Traditional small area estimation procedures utilize population-level auxiliary information from censuses or administrative databases (Jiang and Lahiri 2006; Pfeffermann 2013; Rao and Molina 2015). A critical assumption underlying the seminal Fay and Herriot (1979) predictor is that one can condition on the observed value of the covariate. As discussed in Lyu et al. (2020), the task of obtaining covariates that are related to sheet and rill erosion and are known for the full population of cropland of interest is difficult. Use of variables collected in the CEAP survey as covariates is therefore desirable. We use an estimate of mean water runoff from the CEAP survey as a covariate in an area level model with sheet and rill erosion as the response. As the covariate and response are both estimates from the CEAP survey, the analysis should recognize not only the sampling error in the covariate but also the correlation between the covariate and the response.

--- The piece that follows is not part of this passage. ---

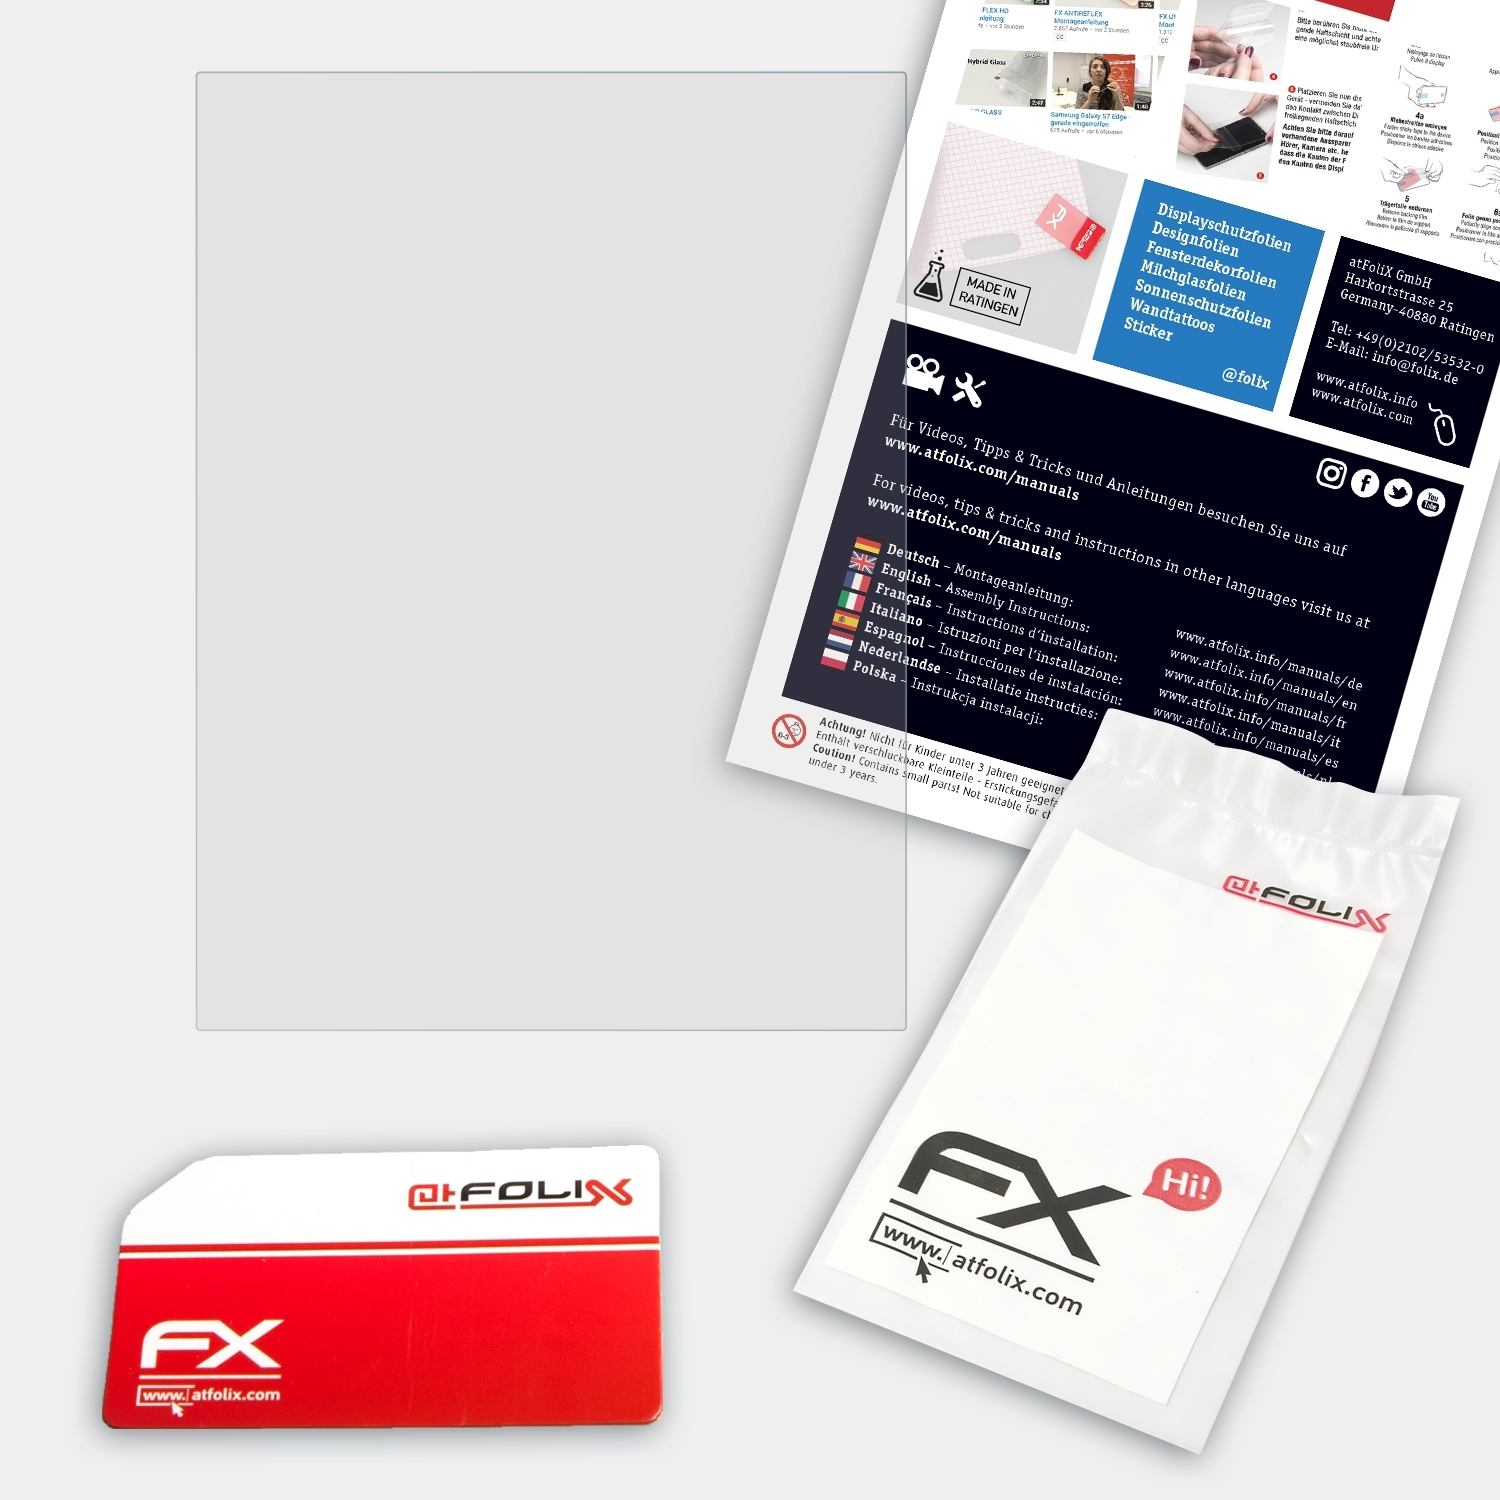 ATFOLIX FX-Hybrid-Glass Schutzglas(für 2) PocketBook Basic

If the covariate is an estimator from a sample survey, naive application of standard Fay-Herriot procedures can lead to erroneous inferences (Arima et al. 2017; Bell et al. 2019). A widely used technique to model sampling error in the covariate is to employ either a structural (Arima et al. 2012; Ghosh et al. 2006; Torabi 2012; Torabi et al. 2009) or a functional (Datta et al. 2010; Ghosh and Sinha 2007; Torabi 2011) measurement error model. In the structural model, the latent covariate is stochastic, while the functional model treats the unobserved covariate as fixed (Carroll et al. 2006; Fuller 2009).
Ybarra and Lohr (2008) develops predictors for an area level model in which a covariate is subject to functional measurement error. Arima et al. (2015), Arima et al. (2017), and Burgard et al. (2021) extend Ybarra and Lohr (2008) to bivariate and Bayesian frameworks. Burgard et al. (2020) conducts an analysis of the model of Ybarra and Lohr (2008) under the stronger assumption that the random terms have normal distributions. Bell et al. (2019) compares the properties of functional and structural measurement error models to the naive Fay-Herriot model. Mosaferi et al. (2023) extends Ybarra and Lohr (2008) to lognormal data. All of these works assume that the measurement error in the covariate and the sampling error in the response are uncorrelated.
Models in which the measurement error and the sampling error are correlated have received little attention in the small area estimation literature. Franco and Bell (2022) defines a bivariate model that is equivalent to a structural model with a correlation between the measurement error and the sampling error. We adopt the functional modeling approach, which, unlike the structural model, requires no assumptions about the distribution of the latent covariate. Kim et al. (2015) permits a correlation between the covariate and response but conceptualizes the parameter of interest as the unobserved value of a covariate that is measured with error. Ybarra (2003) generalizes the functional measurement error model of Ybarra and Lohr (2008) to allow for a correlation between the measurement error and the sampling error. Burgard et al. (2022) uses likelihood-based arguments to derive a predictor for a model in which the measurement error and the sampling error are correlated.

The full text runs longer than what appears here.